Applications of Kuz–Ram Models in Mine-to-Mill Integration and Optimization—A Review

Abstract

The Mine-to-Mill (M2M) approach aims to enhance efficiency and reduce costs in the mineral processing industry by optimizing the mining and processing stages. M2M integrates orebody characterization, blasting, and downstream processes, such as grinding and flotation, demonstrating that material fragmentation directly impacts downstream efficiency. This review studies the development and applications of fragmentation models in M2M integration and optimization, finding that their study is divided into three phases. In the first, the potential of M2M is investigated through simulation models that improve fragmentation in blasting to optimize grinding.
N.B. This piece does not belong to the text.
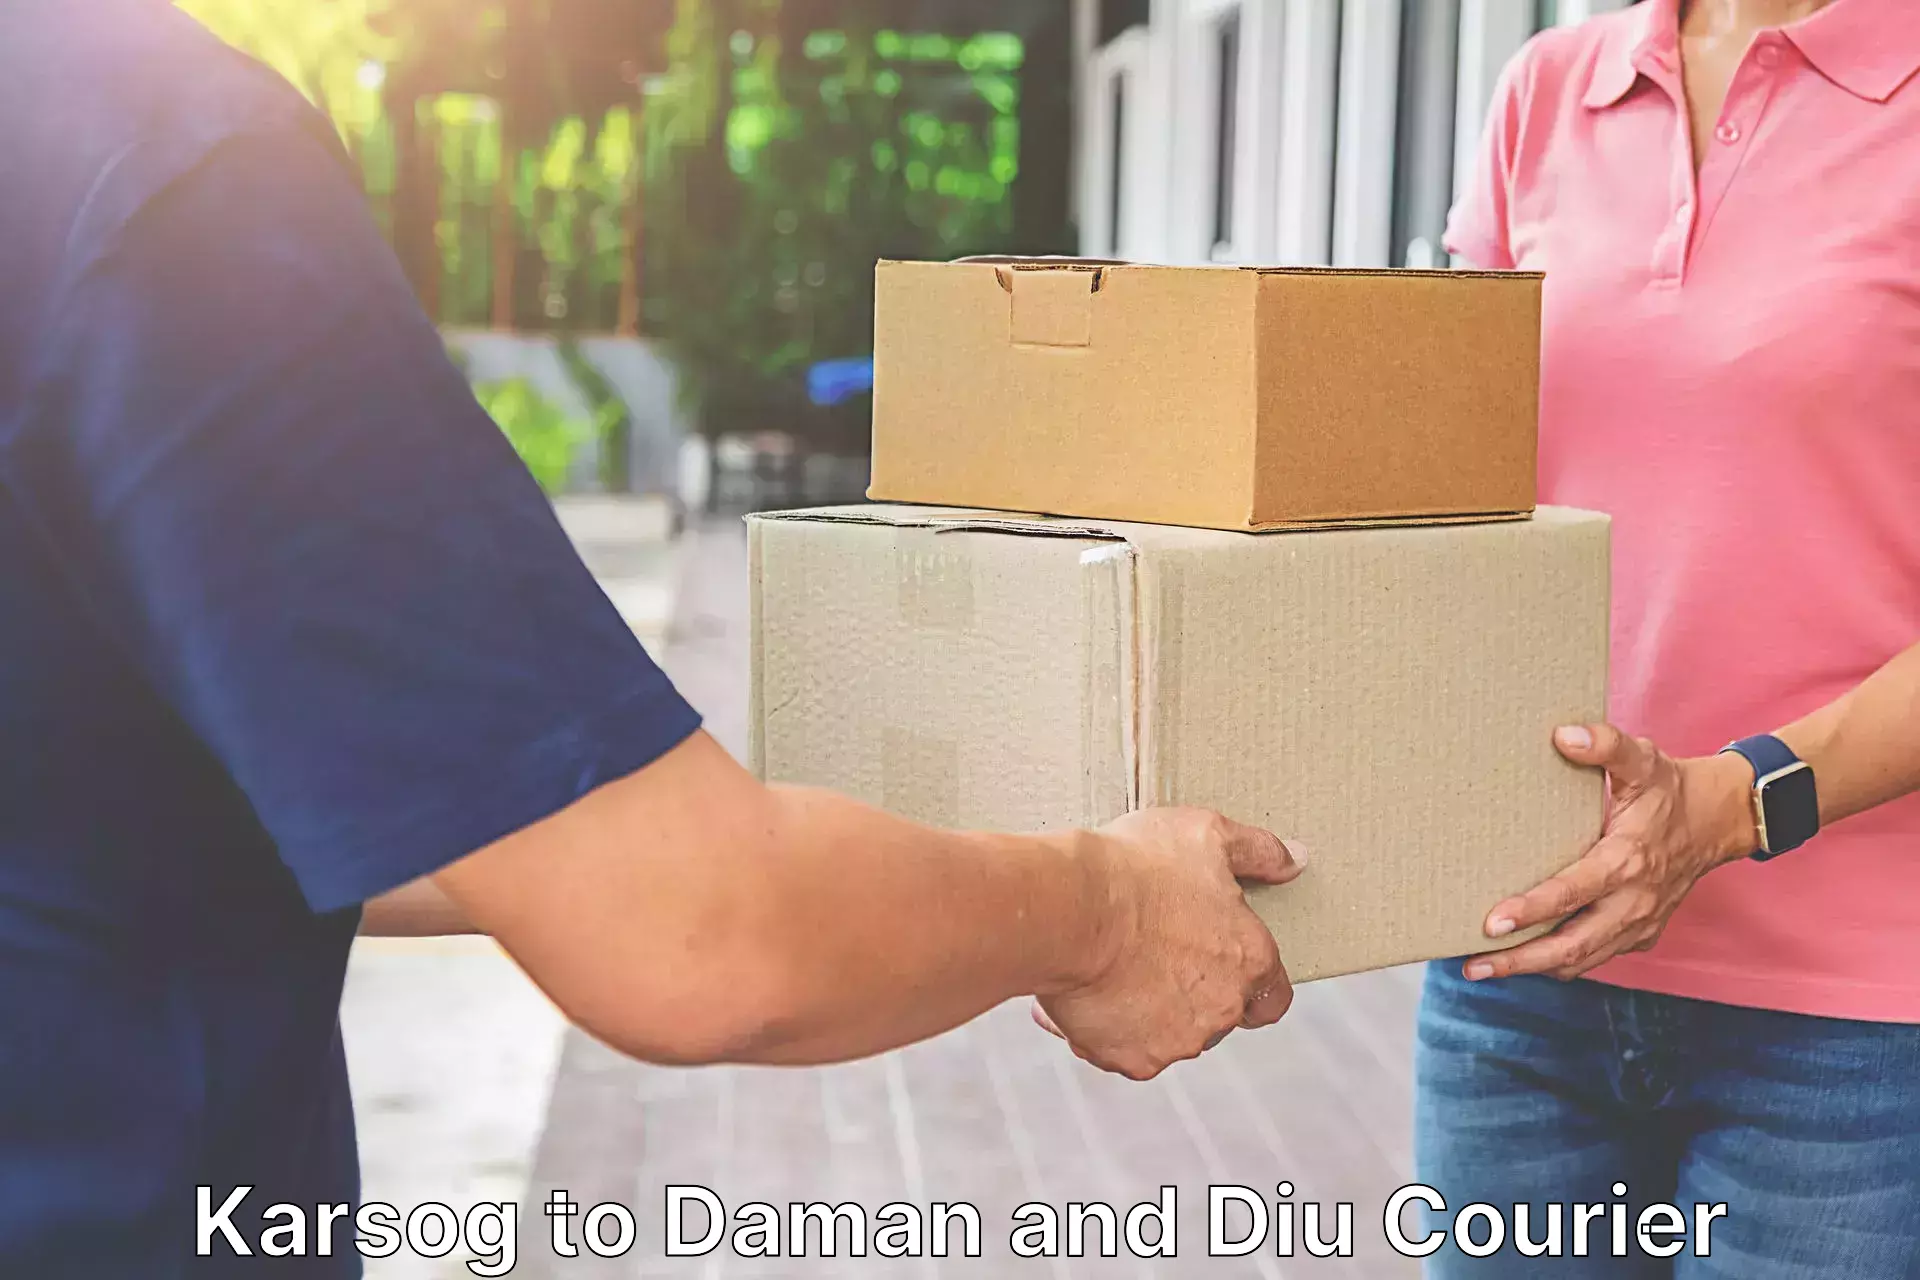 Courier service partnerships Karsog to Diu

The second focuses on the practical application of these models in mines, while the third phase integrates geometallurgical data into mine block models, enhancing production planning and selective ore extraction. The M2M integration has demonstrated significant improvements in plant performance, particularly in increasing grinding efficiency through optimized blast fragmentation. The literature also emphasizes the role of optimizing crushing and grinding conditions through models and circuit adjustments to enhance performance and reducing energy consumption. Geometallurgy plays a crucial role in plant optimization by identifying areas with better processing characteristics and adjusting operating parameters to maximize efficiency. Recent studies have shown how the implementation of integrated models can increase the profitability and sustainability of mining operations.